Perhaps the most striking aspect of spending time with Collin Raye is his perspective on mortality and meaning. The man who once worried about chart positions and radio play now measures success differently.  The moments of spiritual connection with strangers, the letters from fans whose lives were touched by his music, the stories of how his music was the soundtrack in people’s lives —these have become the real currency of his career.

When we get to heaven, it’s gonna take us forever to realize how much He loves us. We think ‘well, I’m not worthy, I’m not worthy.’ We’re not. But He loves us just that much anyway, and it’s just mind-boggling to me.

This eternal perspective doesn’t diminish Raye’s appreciation for his earthly success, but it provides context. The hits, the awards, the platinum albums—they’re all part of a larger story about using whatever platform you’re given to make a positive impact.

I’ve always put Him first, even when I wasn’t living right, and asked What am I doing? What do you want me to do with this? And the more you’re living away from Him, the less you’re hearing. But He’s always been my guy.

As our conversation winds down and Raye prepares for the show, he reflects on the miraculous nature of his career with the humility that has always defined him.

I’m not delusional enough to think that I’m going to be remembered forever…my grandson and I were watching a game show, and two different times on this one game show, the answer was Paul McCartney. It already had all but a few letters of his name exposed and a clue that it was a former Beatle, and not one contestant out of three knew who he was.

It’s a sobering reminder from an artist who understands his place in country music history better than most.

Don’t take anything for granted…..Don’t just assume this is going to go on forever….and never stop giving thanks to God for it.

Today, Collin Raye continues to travel the highways between small venues and county fairs, carrying with him three decades of hits and hard-won wisdom. He’s no longer the ambitious young artist chasing radio success, but he’s something perhaps more valuable.

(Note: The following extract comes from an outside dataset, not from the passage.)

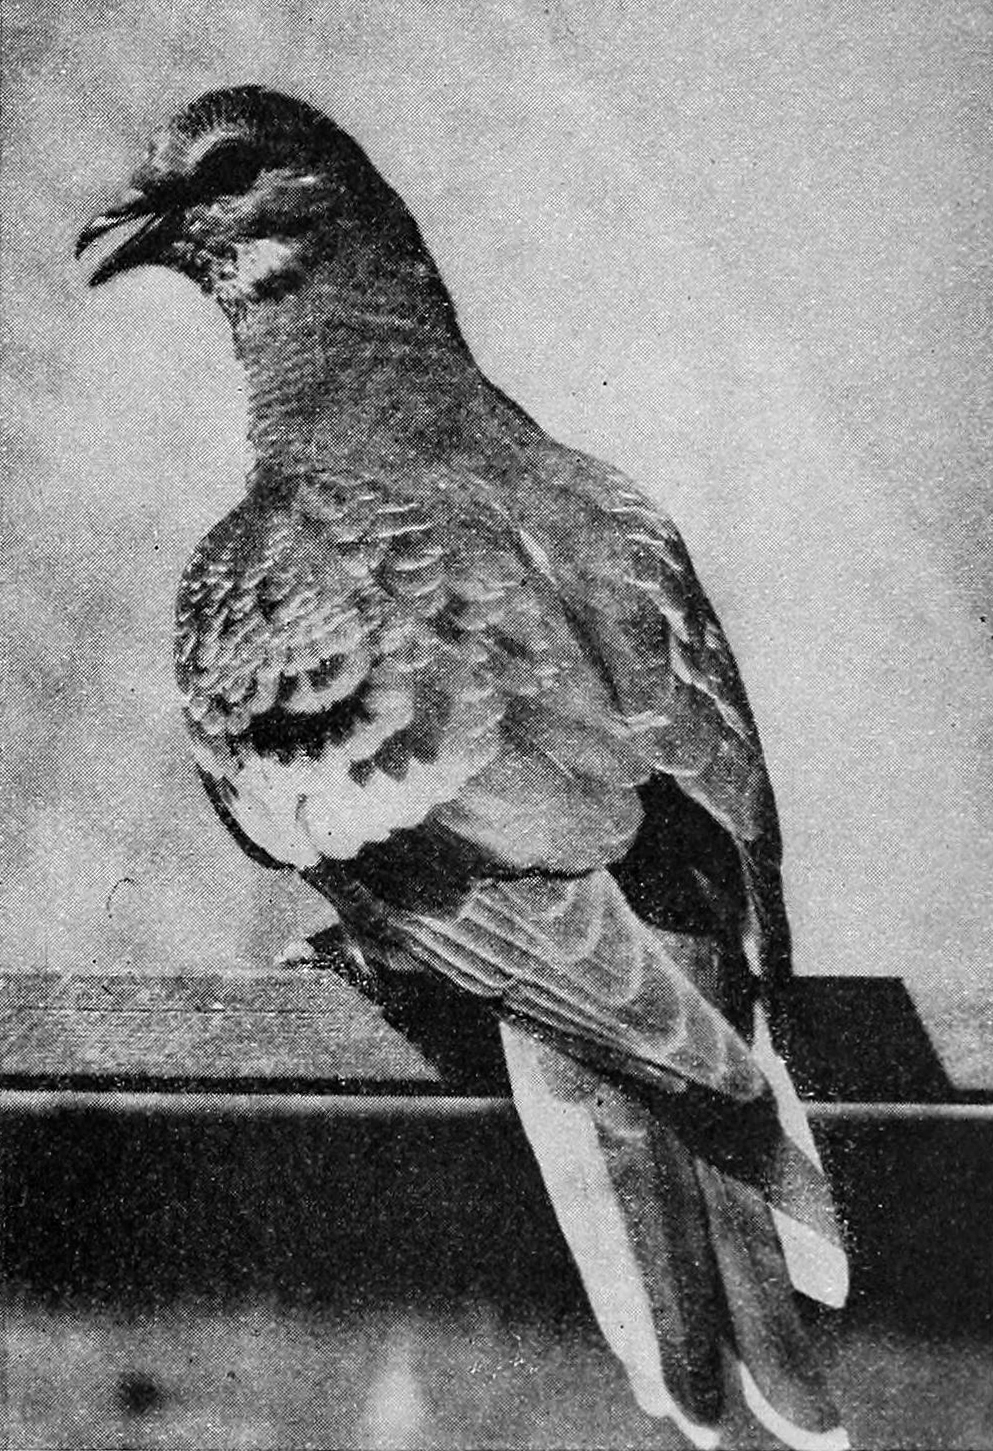 Passenger pigeon.

He is a keeper of country music’s deeper purposes.

In an industry increasingly driven by streaming numbers and social media metrics, Collin Raye represents something increasingly rare. He is an artist whose career was built on the belief that country music should mean something. A reminder that authentic artistry and commercial success aren’t mutually exclusive, but they do require the courage to choose substance over formula.

The road hasn’t ended for Collin Raye. If anything, it’s taken on new meaning as he’s learned to see each performance, each connection with a fan, each moment of spiritual recognition as part of a larger purpose. In a career defined by number-one hits and platinum albums, his greatest achievement may be maintaining his artistic integrity while never forgetting that the real measure of success isn’t what you accomplish, but how you use whatever gifts you’ve been given.

For an artist who’s spent his career asking What If Jesus Comes Back Like That?, the answer has become clear through decades of experience. You treat every encounter as sacred, every song as an opportunity to touch lives, and every day as a gift that shouldn’t be taken for granted. It’s a philosophy that’s served him well through the peaks and valleys of a remarkable career, and one that continues to guide Collin Raye down the long road home.